_Collected material_:

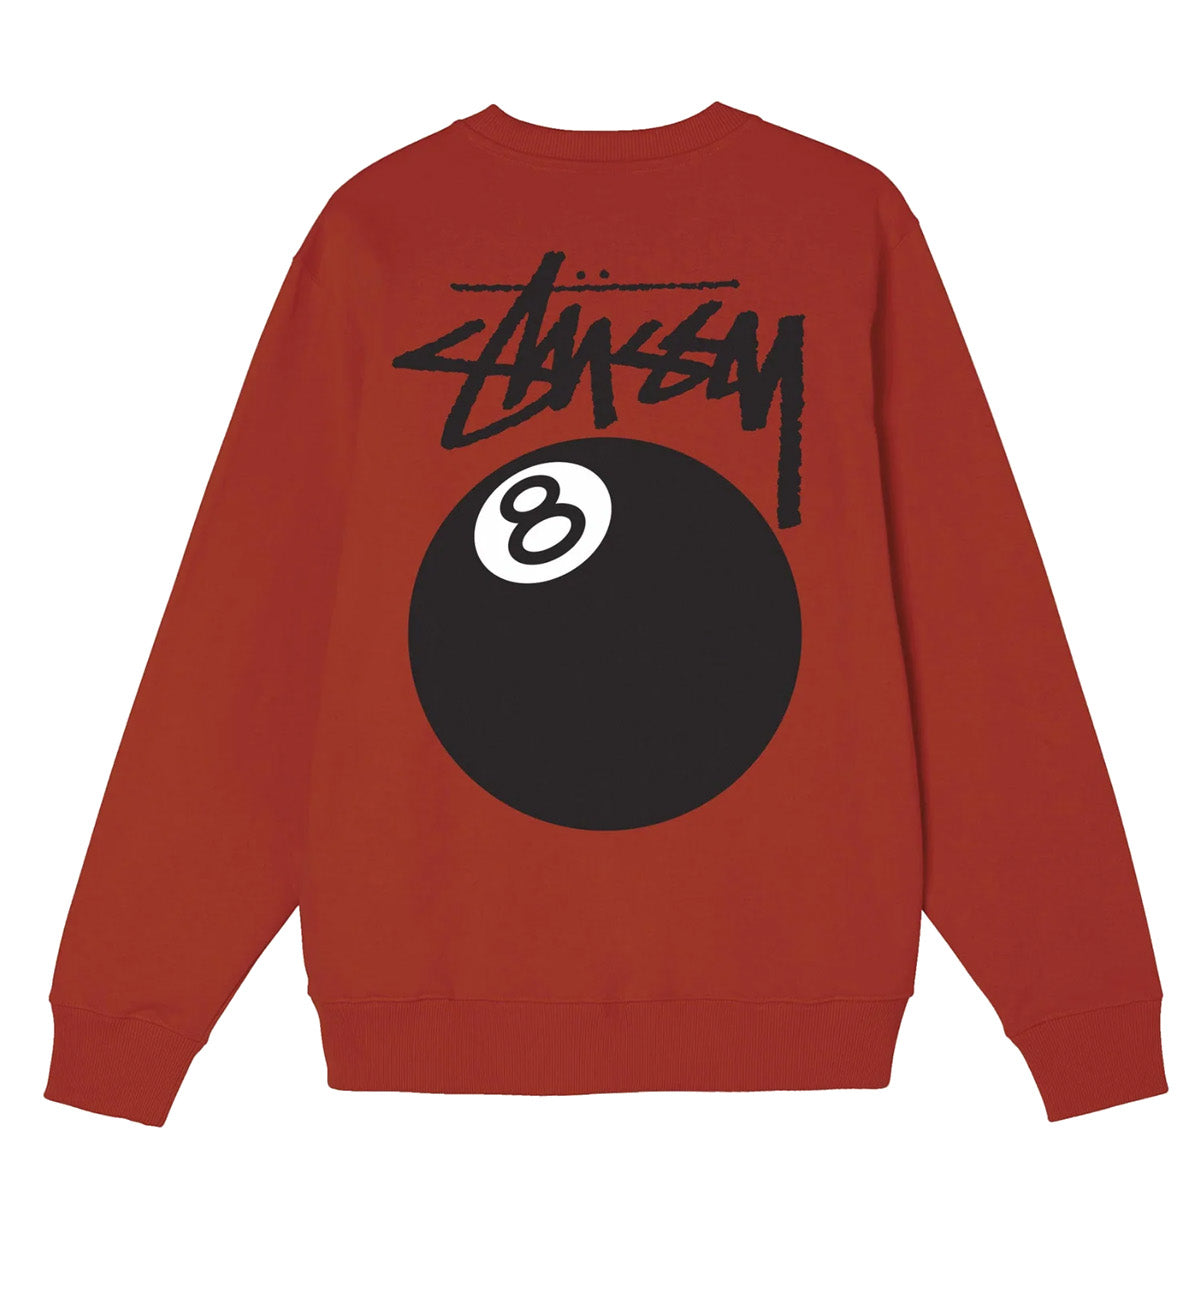 Stussy 8 Ball Sweatshirt (Maroon)
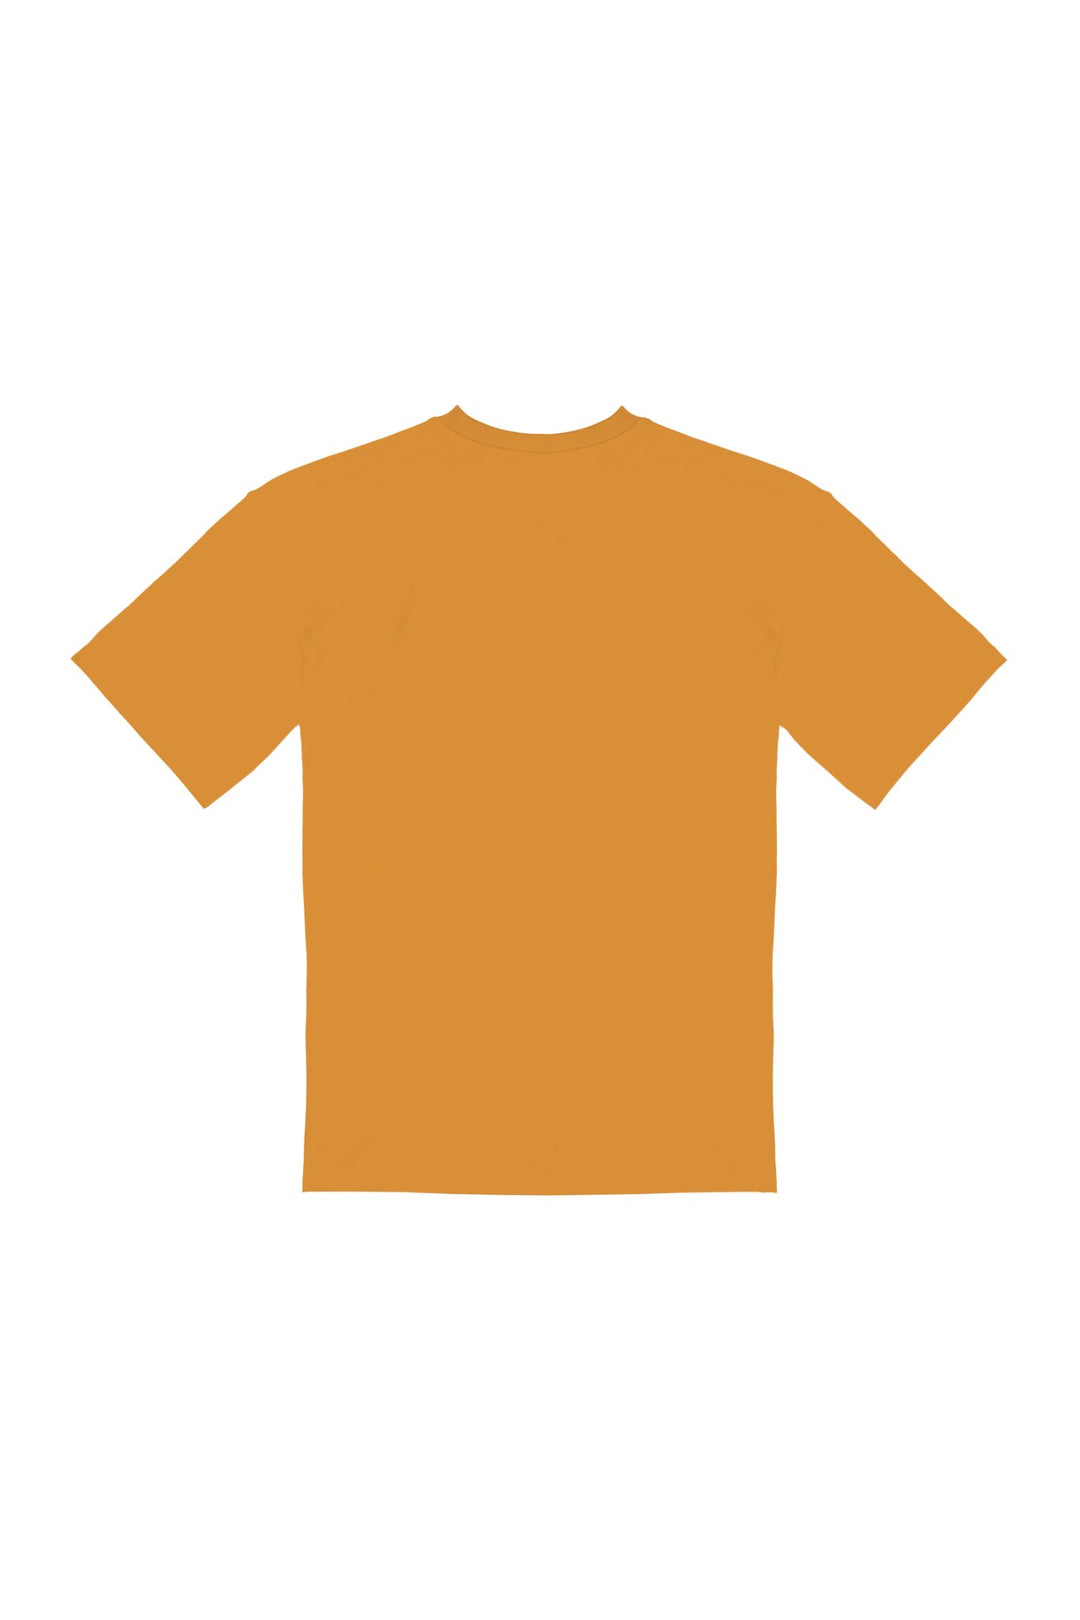 ROSAS・T - shirt unisexe・Orange - Le Cartel
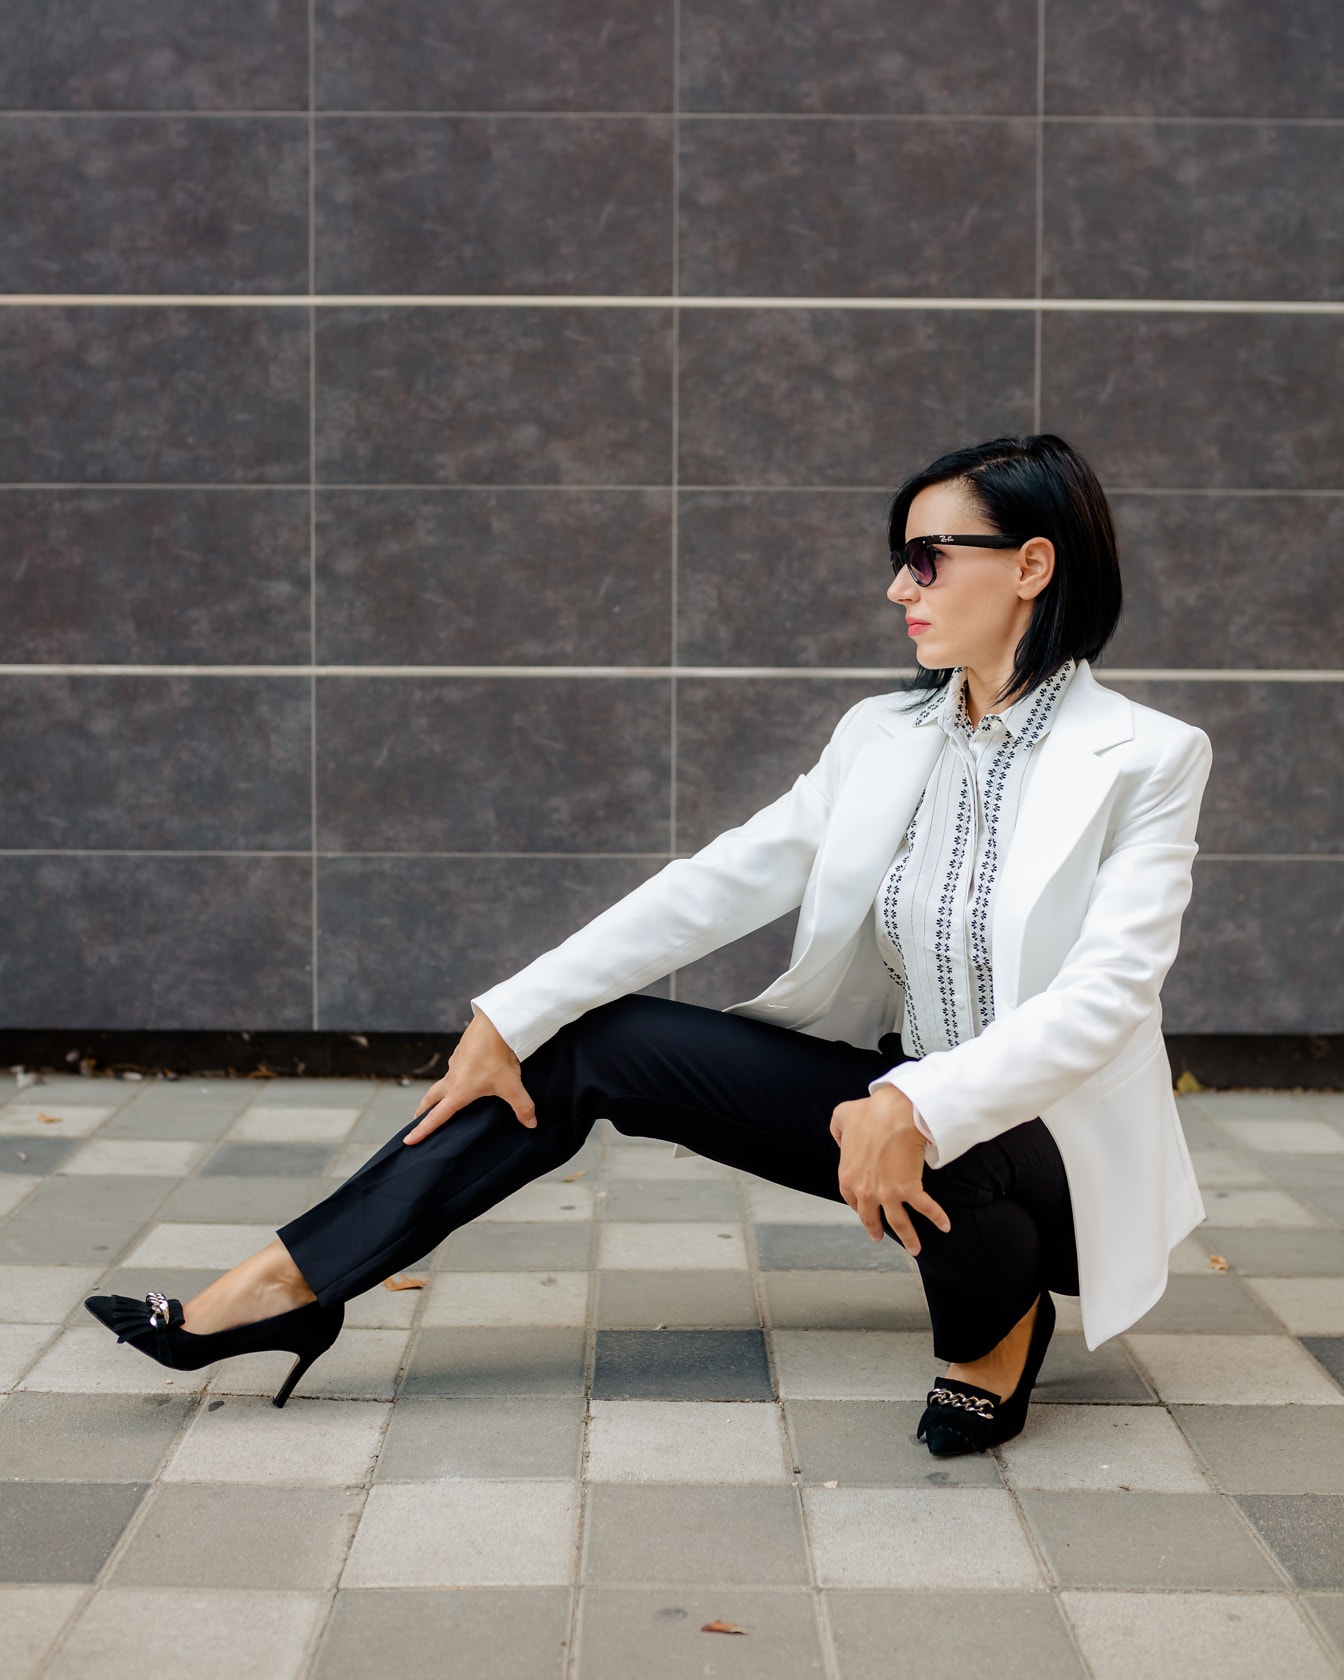 Erfolgreiche Geschäftsfrau im schwarz-weißen Outfit
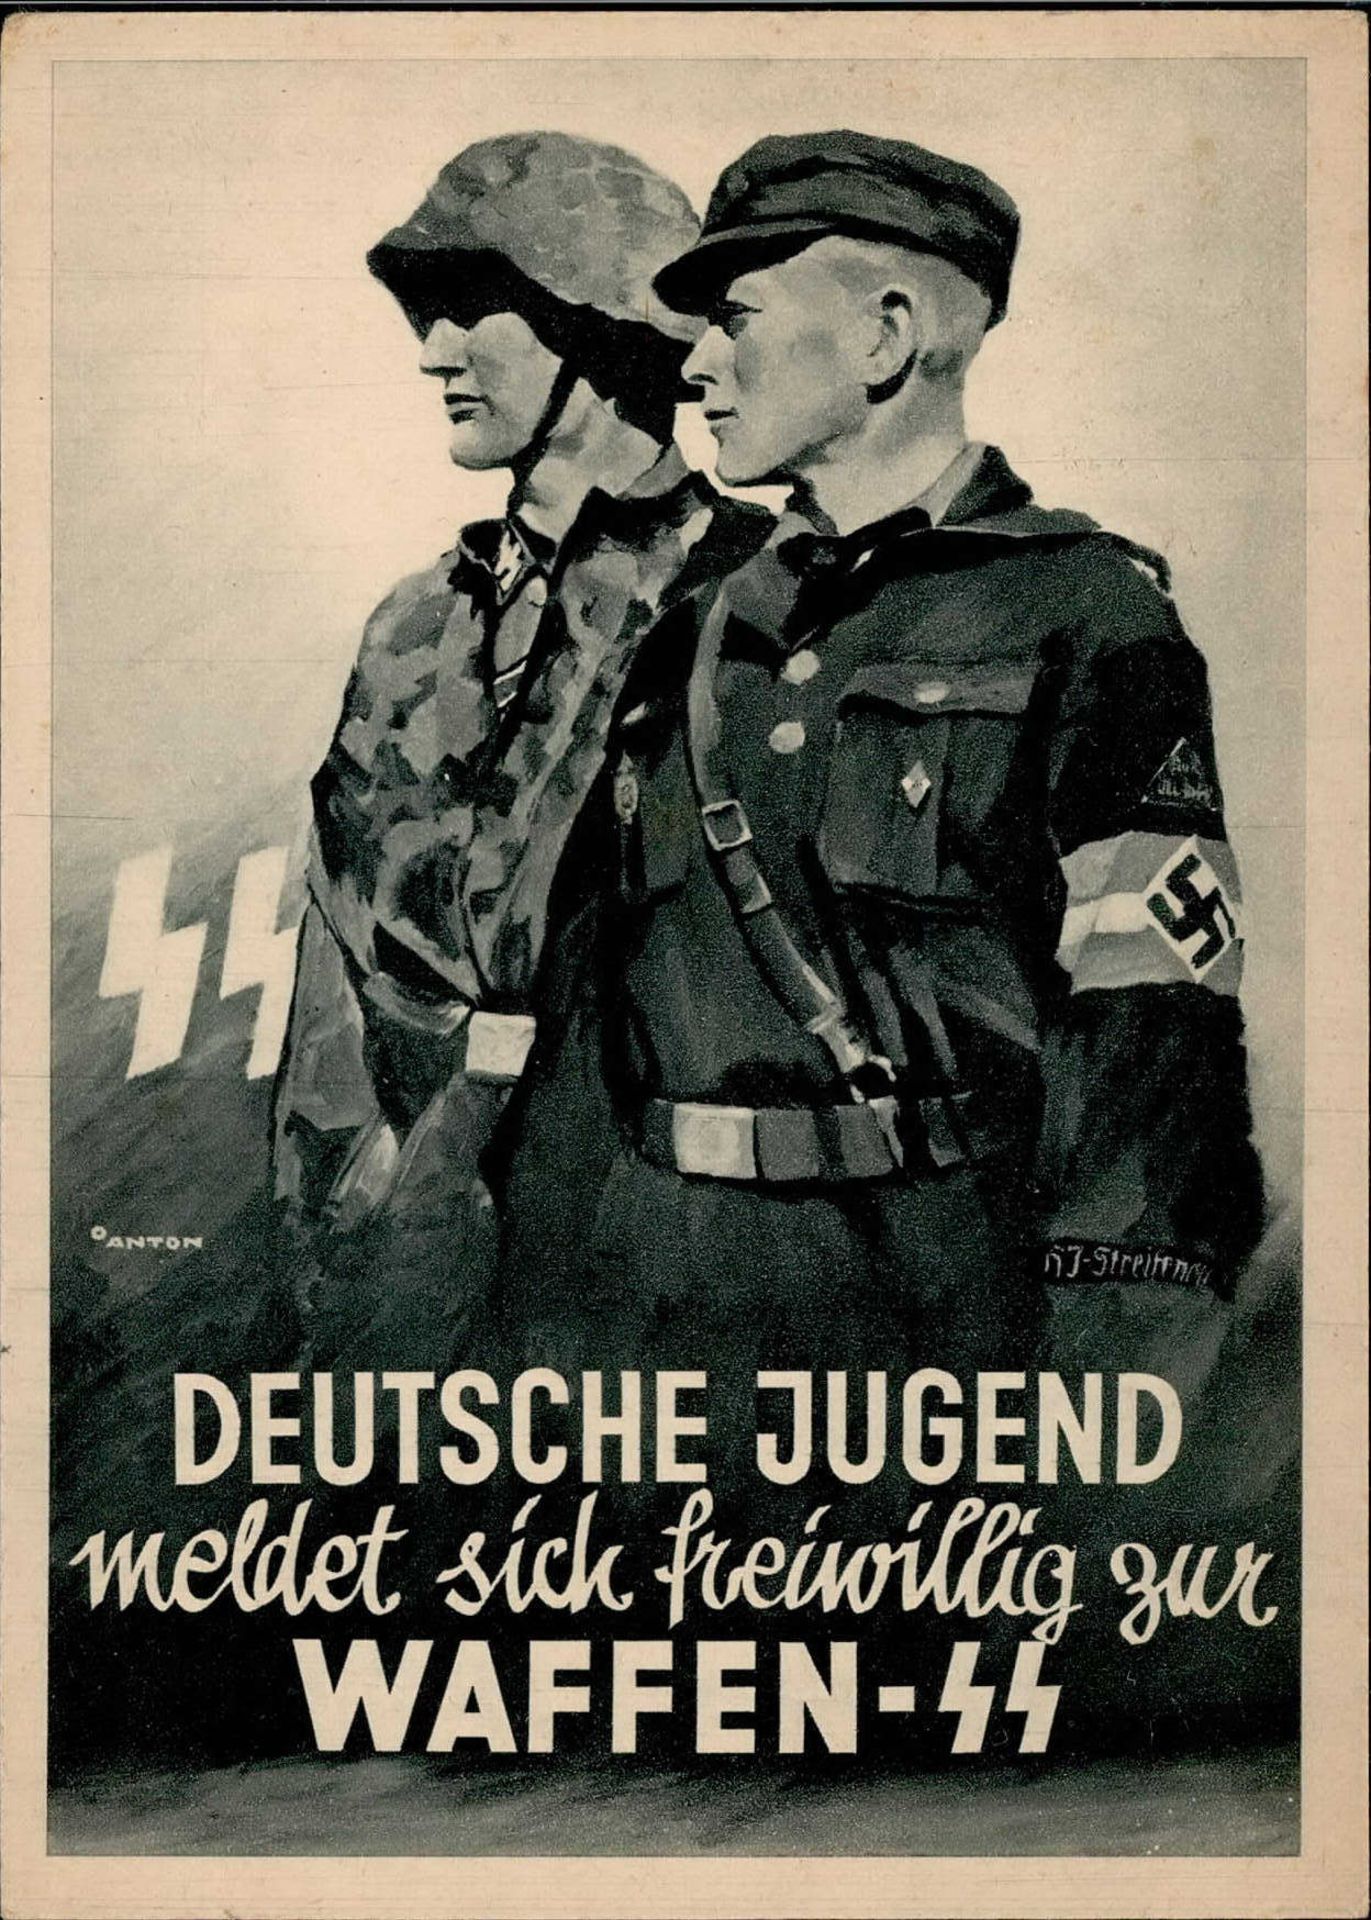 SS Deutsche Jugend meldet sich Freiwillig zur Waffen SS I-II R!

_Task instructions_:
Images are to be left out; everything else in the material must be written out exactly.

_Written reply_:
 Stussy 8 Ball Sweatshirt (Maroon)
 ROSAS・T - shirt unisexe・Orange - Le Cartel
 Erfolgreiche Geschäftsfrau im schwarz-weißen Outfit
 SS Deutsche Jugend meldet sich Freiwillig zur Waffen SS I-II R!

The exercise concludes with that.